**Exercise instructions:** For every entry that follows, return the words exactly and omit any picture.

··· Provided data

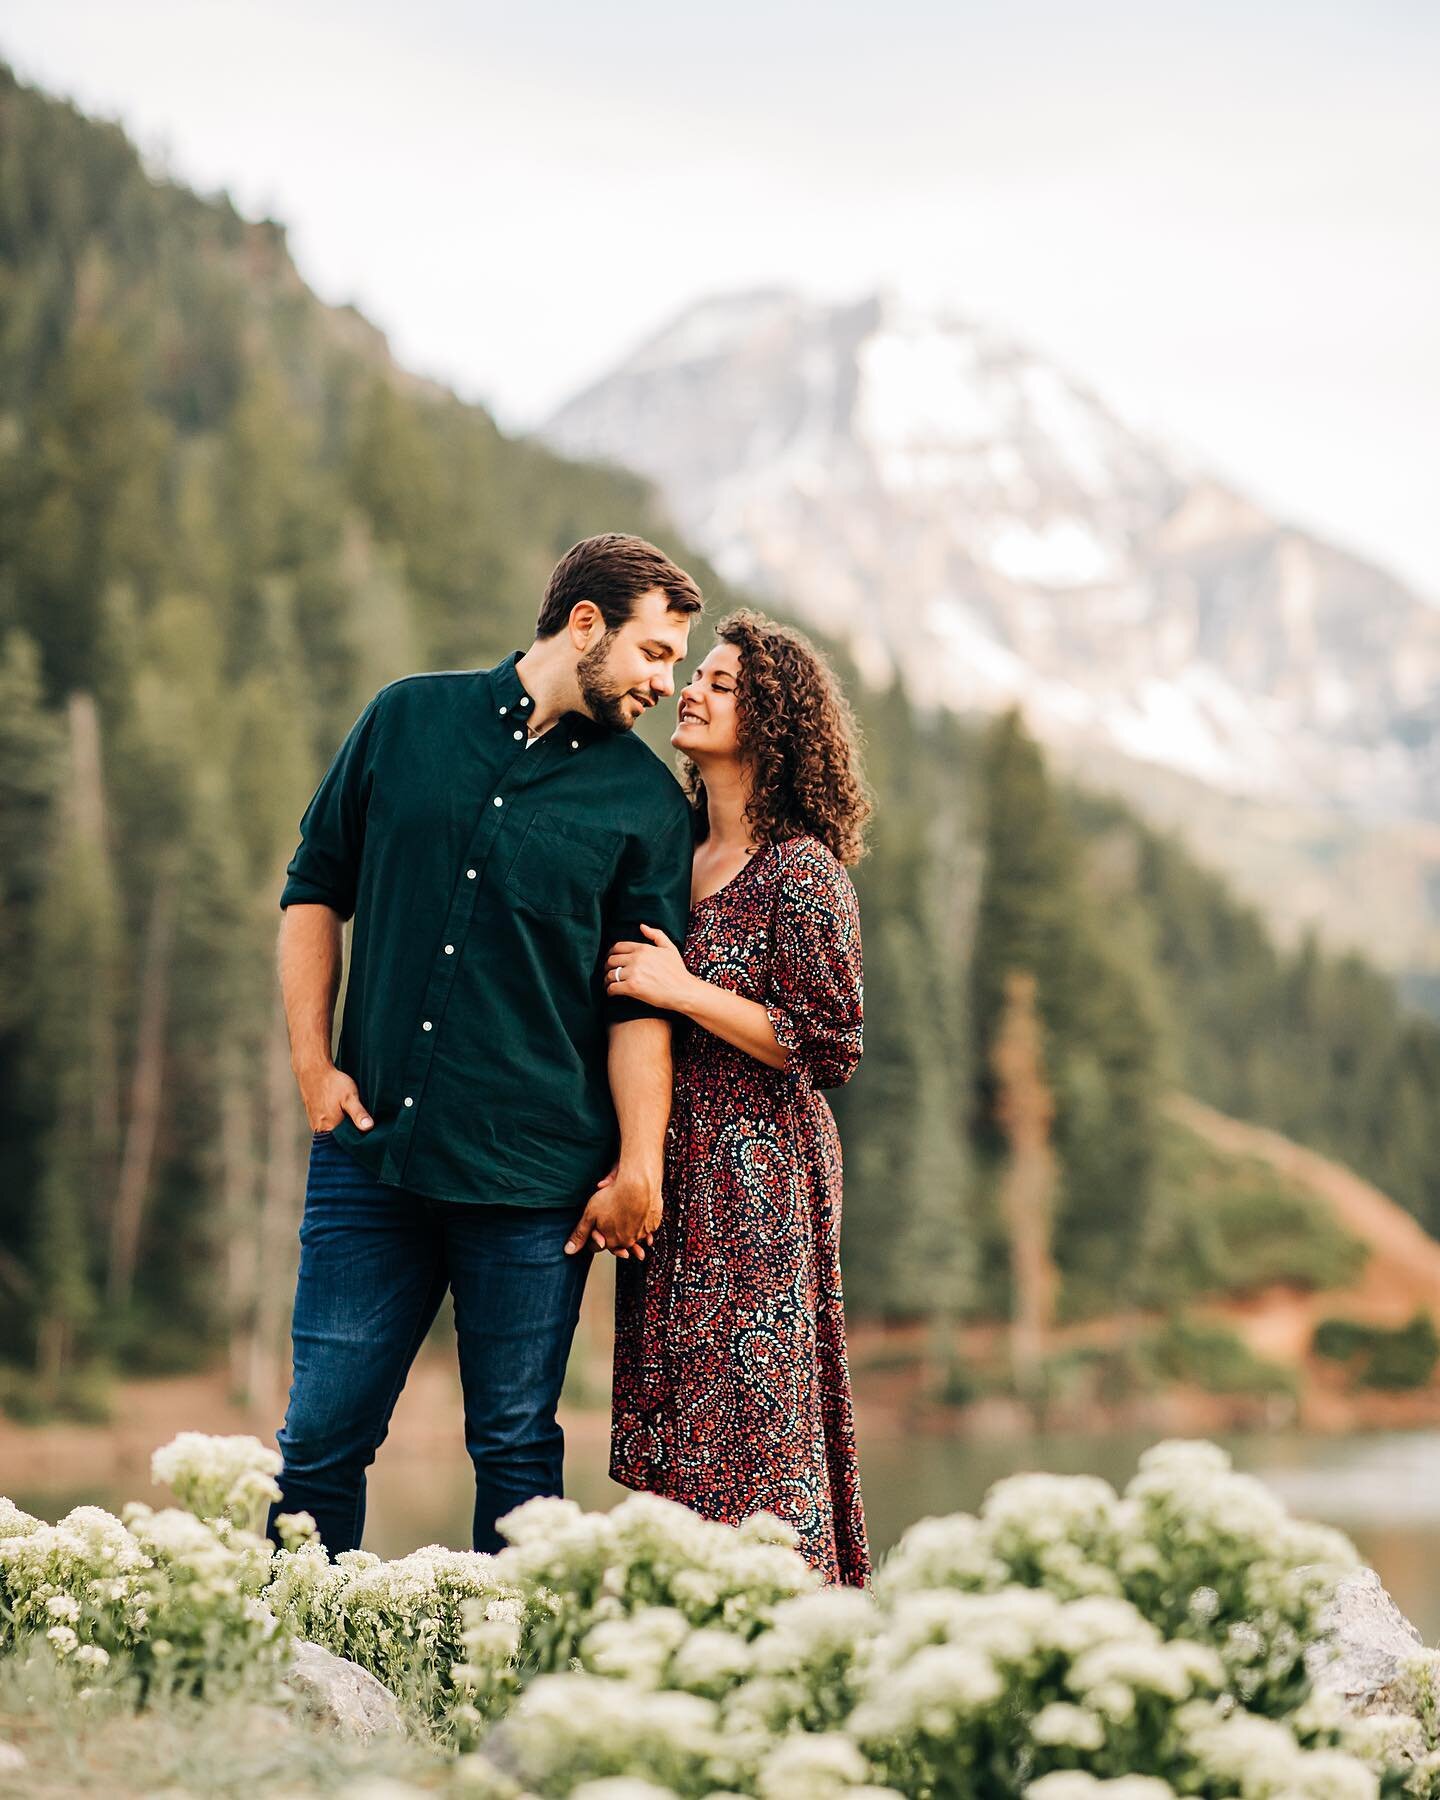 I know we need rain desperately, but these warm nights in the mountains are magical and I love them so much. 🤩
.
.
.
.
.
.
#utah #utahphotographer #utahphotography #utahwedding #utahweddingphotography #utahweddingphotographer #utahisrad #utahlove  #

······

**Task output:**
 I know we need rain desperately, but these warm nights in the mountains are magical and I love them so much. 🤩
.
.
.
.
.
.
#utah #utahphotographer #utahphotography #utahwedding #utahweddingphotography #utahweddingphotographer #utahisrad #utahlove  #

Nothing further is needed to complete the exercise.